MCC, Matthews correlation coefficient.
Figure 2The performance of ProSper (protein-specific variant interpreter) evaluated using Matthews correlation coefficient (MCC) in the classification of variants in 21 genes associated with X linked disorders. For each gene, the line shows the SD from the repeated (n=10) 10-fold cross-validation with random subsampling.
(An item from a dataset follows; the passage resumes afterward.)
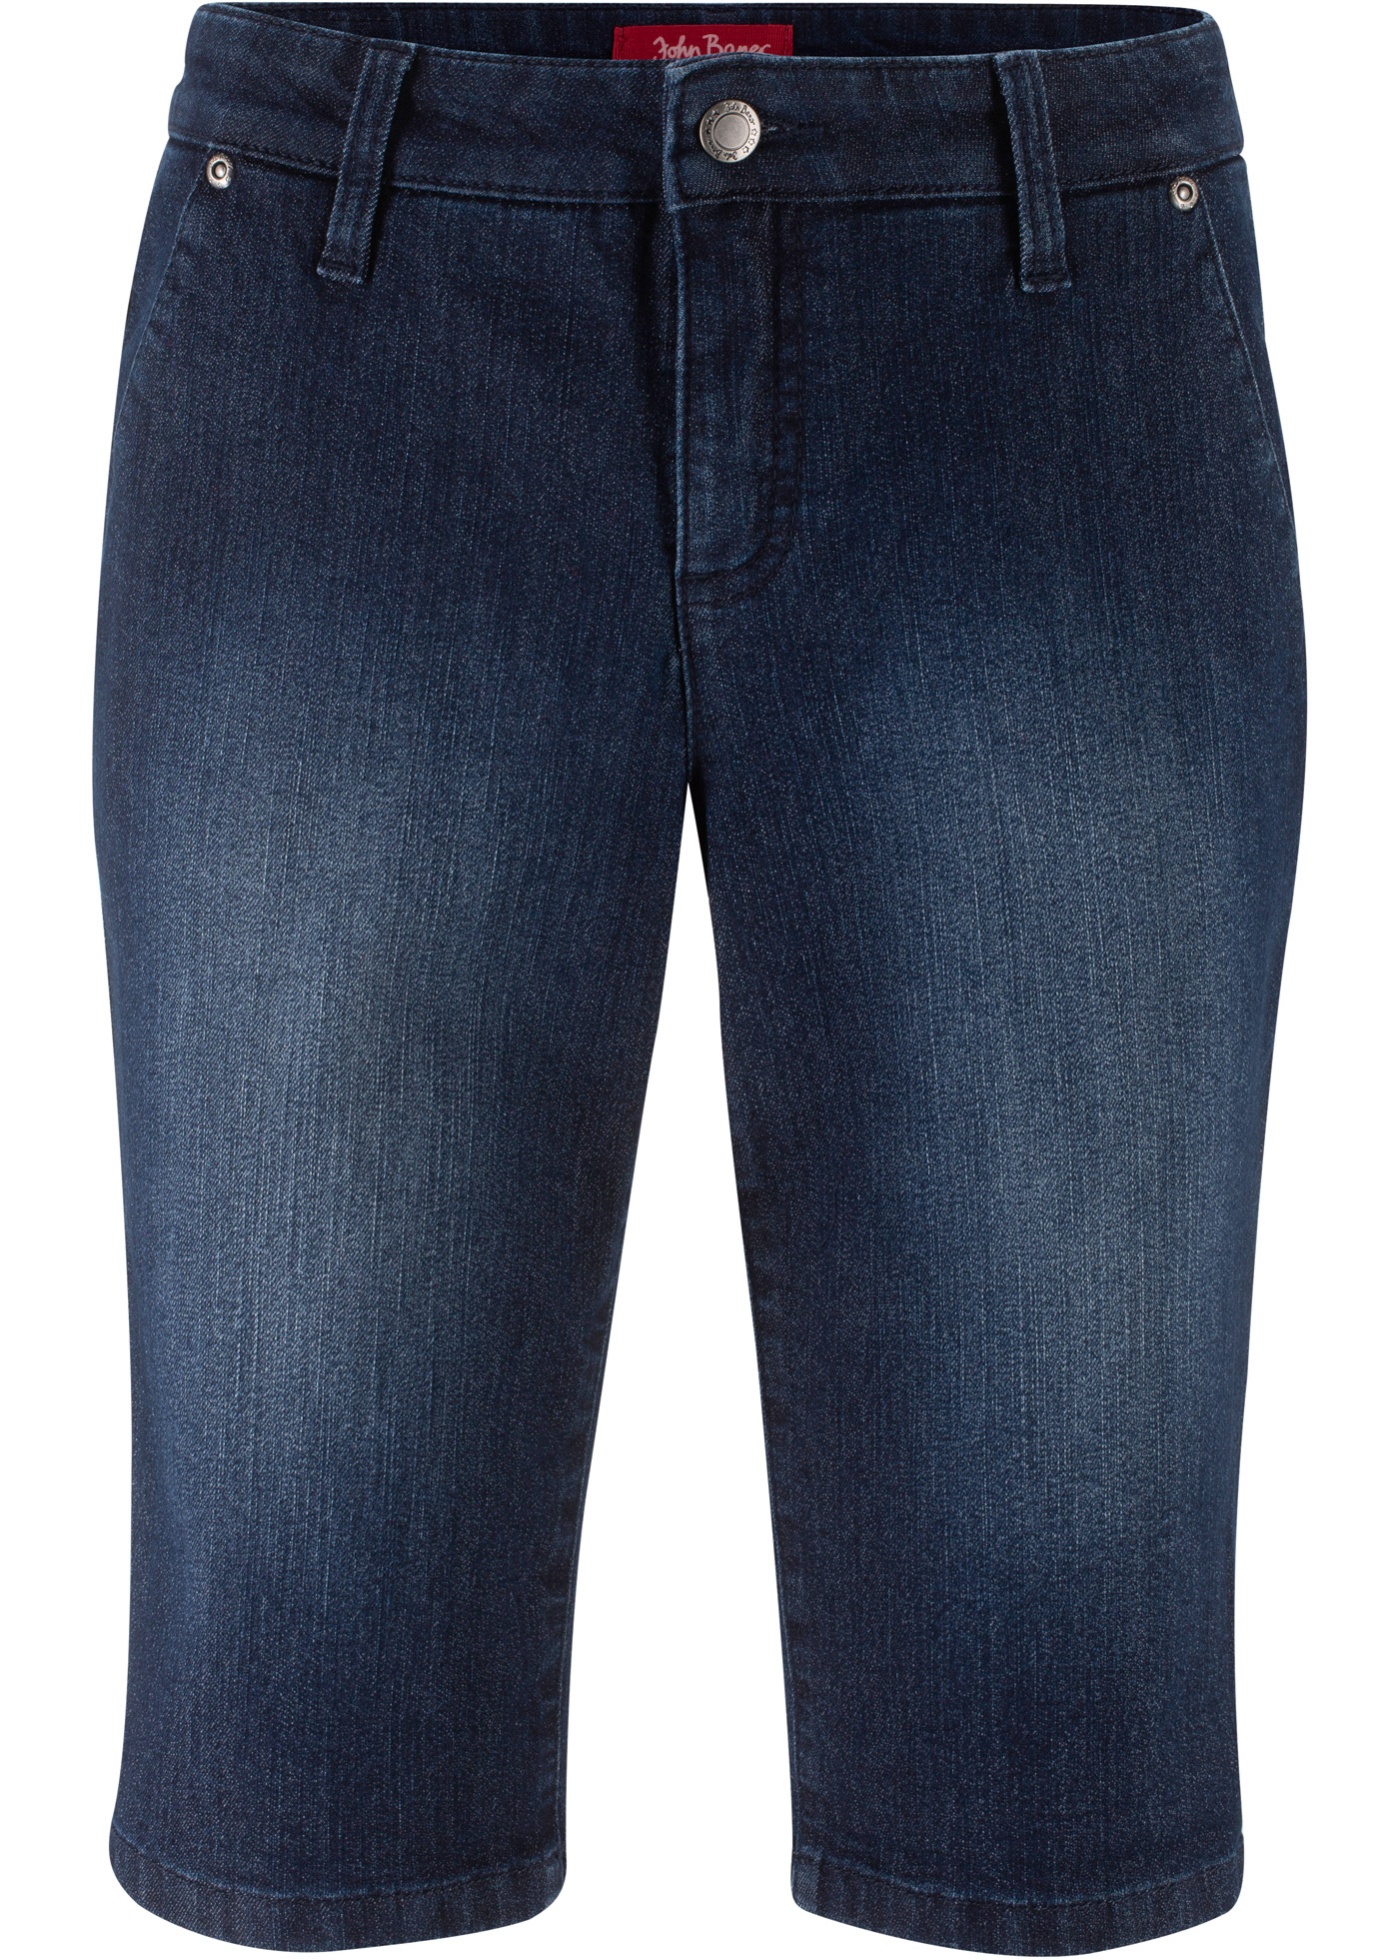 Komfort Stretch Jeans-Bermuda

Figure 3The Matthews correlation coefficient (MCC) values for the gene-specific approach ProSper (protein-specific variant interpreter) compared with REVEL, VEST4 and ClinPred using the complete data sets. The VEST4 MCC results were unavailable as the VEST4 predictions were unavailable for the variants in the transcript of interest in ALAS2 and NDP.
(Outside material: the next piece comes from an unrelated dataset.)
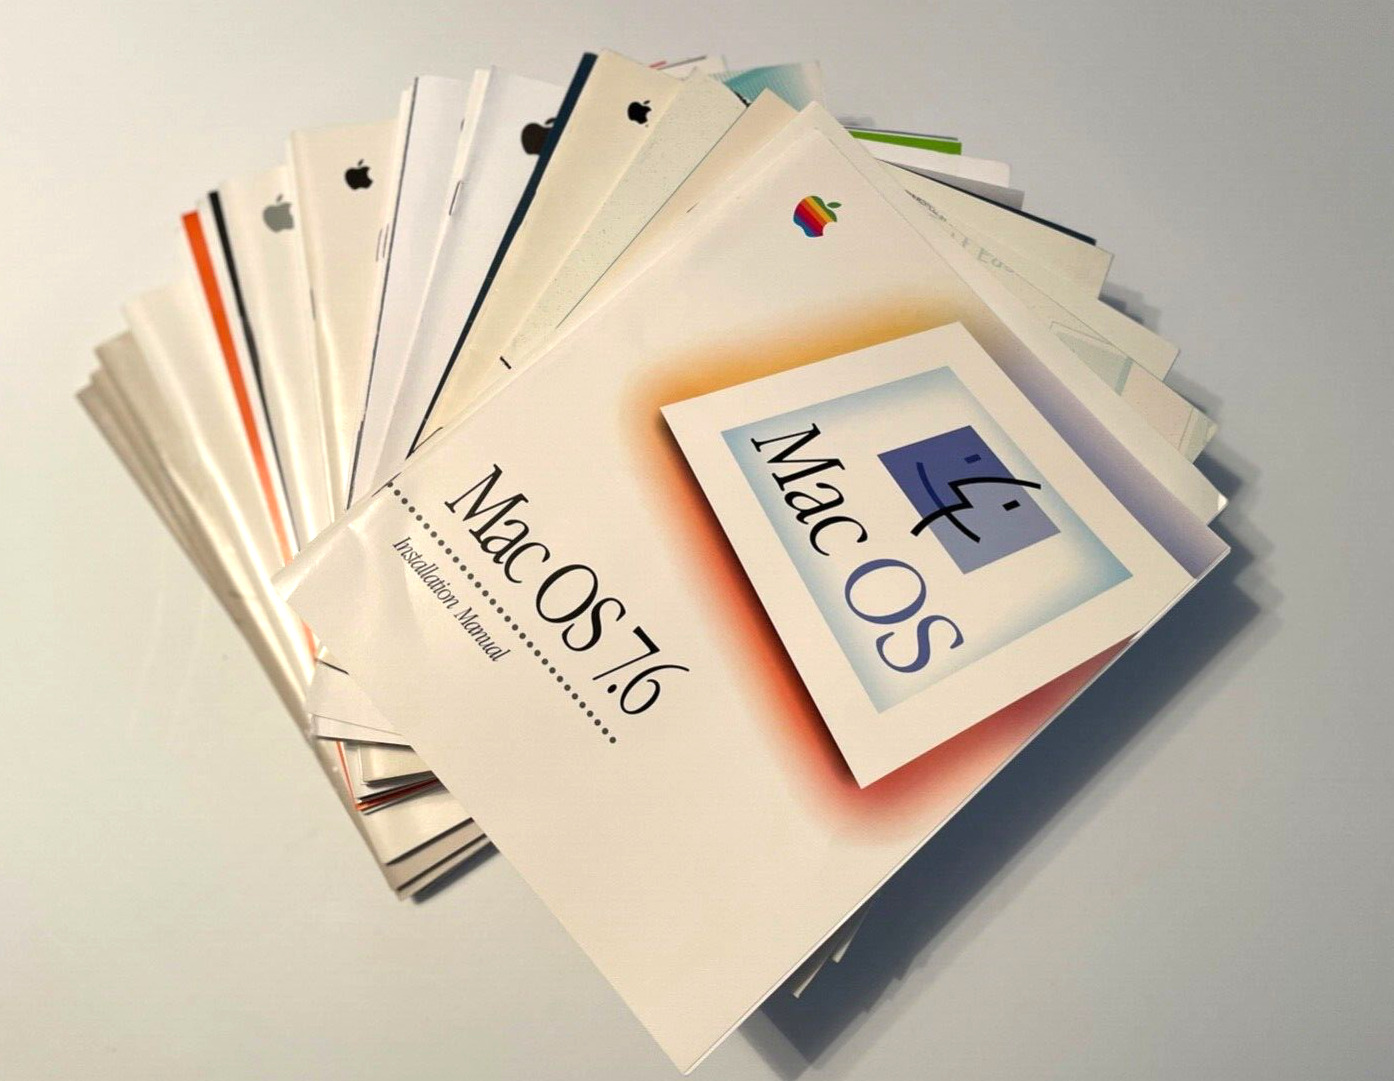 Lot of 36+ Apple Macintosh user manuals and literature

Figure 4A comparison of the default Matthews correlation coefficient (MCC) with the optimised MCC for the performance of VEST4, REVEL and ClinPred (left, middle and right panels, respectively) using all of the data sets (the top three panels) and using balanced data sets (the bottom three panels) for the 21 genes. For each gene, the data set was balanced using undersampling, that is, using a random subset from the majority class to match the number of variants in the minority class. The default MCC values were generated using the default threshold of 0.5. The optimised MCC values were generated using gene-specific thresholds. The gene-specific threshold was identified using 80% of all the predictions from each tool through repeated (n=10) fivefold cross-validation with random subsampling. The optimised MCC value was generated using the rest (20%) of the predictions from each tool at the threshold identified for each gene. VEST4 predictions were unavailable for ALAS2 and NDP variants in the respective transcripts of interest. The lines between the default MCC and the optimised MCC values for each gene are for visualisation purposes only.
Figure 5A comparison of the Matthews correlation coefficient (MCC) values for ProSper (protein-specific variant interpreter) with the optimised MCC values for VEST4, REVEL and ClinPred using all of the data sets (on the left) and using balanced data sets (on the right). Optimised MCC values were generated using gene-specific or protein-specific pathogenicity thresholds. The data set for each gene was balanced using undersampling, that is, using a random subset from the majority class to match the number of variants in the minority class. The gene-specific threshold was identified using 80% of all the predictions from each tool through repeated (n=10) fivefold cross-validation with random subsampling. The optimised MCC value was generated using the rest (20%) of the predictions from each tool at the threshold identified for each gene. VEST4 predictions were unavailable for ALAS2 and NDP variants in the respective transcripts of interest.